Stored items:
:::

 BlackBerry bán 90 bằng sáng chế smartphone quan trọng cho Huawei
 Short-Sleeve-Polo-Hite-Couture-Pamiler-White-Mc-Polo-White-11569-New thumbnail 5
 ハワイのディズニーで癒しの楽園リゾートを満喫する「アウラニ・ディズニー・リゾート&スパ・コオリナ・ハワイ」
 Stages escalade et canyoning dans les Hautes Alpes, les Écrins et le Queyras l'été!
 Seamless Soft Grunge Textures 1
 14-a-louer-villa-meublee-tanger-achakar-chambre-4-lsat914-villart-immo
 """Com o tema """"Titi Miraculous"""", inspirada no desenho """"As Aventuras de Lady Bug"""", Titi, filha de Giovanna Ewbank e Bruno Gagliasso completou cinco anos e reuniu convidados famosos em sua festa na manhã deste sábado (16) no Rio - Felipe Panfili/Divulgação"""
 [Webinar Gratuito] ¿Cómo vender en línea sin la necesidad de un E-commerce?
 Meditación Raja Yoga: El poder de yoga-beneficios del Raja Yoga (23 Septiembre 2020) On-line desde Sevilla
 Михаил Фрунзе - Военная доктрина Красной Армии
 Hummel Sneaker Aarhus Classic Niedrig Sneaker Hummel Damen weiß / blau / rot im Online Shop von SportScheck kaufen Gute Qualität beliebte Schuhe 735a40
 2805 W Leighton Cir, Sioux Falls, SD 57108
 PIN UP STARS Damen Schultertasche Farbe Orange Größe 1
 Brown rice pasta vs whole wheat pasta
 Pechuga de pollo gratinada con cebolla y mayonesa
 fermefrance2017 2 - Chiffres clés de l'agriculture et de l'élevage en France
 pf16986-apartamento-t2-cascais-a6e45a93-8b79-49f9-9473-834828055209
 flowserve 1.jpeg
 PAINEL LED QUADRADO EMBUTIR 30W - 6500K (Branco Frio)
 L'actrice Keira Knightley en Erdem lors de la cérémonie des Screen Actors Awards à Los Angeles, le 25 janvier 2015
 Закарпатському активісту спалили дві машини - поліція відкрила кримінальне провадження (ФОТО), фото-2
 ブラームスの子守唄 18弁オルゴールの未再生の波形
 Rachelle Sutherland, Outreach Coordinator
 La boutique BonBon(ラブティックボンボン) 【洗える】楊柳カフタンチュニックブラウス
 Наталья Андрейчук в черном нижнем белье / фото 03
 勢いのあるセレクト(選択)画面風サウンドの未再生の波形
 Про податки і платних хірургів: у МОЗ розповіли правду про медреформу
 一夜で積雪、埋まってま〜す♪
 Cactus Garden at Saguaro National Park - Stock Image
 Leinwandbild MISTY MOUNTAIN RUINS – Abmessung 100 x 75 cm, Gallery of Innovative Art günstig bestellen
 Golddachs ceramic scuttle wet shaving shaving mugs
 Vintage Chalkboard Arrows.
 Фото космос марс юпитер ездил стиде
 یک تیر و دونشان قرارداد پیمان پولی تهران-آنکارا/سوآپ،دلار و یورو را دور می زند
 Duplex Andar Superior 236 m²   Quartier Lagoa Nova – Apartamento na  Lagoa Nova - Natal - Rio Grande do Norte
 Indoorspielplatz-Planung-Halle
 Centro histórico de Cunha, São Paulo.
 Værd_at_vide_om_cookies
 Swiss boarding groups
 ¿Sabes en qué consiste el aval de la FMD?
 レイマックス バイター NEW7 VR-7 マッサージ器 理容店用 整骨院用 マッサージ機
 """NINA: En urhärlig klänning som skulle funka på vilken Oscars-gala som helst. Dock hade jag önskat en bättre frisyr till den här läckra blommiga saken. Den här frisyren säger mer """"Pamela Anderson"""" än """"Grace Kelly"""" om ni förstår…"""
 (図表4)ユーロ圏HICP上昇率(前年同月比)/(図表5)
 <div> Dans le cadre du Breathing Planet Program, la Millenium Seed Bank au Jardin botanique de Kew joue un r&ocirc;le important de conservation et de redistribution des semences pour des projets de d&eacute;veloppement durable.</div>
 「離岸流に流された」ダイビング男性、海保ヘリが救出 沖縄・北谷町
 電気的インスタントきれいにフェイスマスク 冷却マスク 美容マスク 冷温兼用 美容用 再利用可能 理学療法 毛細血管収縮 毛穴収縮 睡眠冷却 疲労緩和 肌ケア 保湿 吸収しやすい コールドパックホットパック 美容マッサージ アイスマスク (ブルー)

:::

What you will do:
Which lines above contain "Damen"? Show each of them.

Exercise solution:
 Hummel Sneaker Aarhus Classic Niedrig Sneaker Hummel Damen weiß / blau / rot im Online Shop von SportScheck kaufen Gute Qualität beliebte Schuhe 735a40
 PIN UP STARS Damen Schultertasche Farbe Orange Größe 1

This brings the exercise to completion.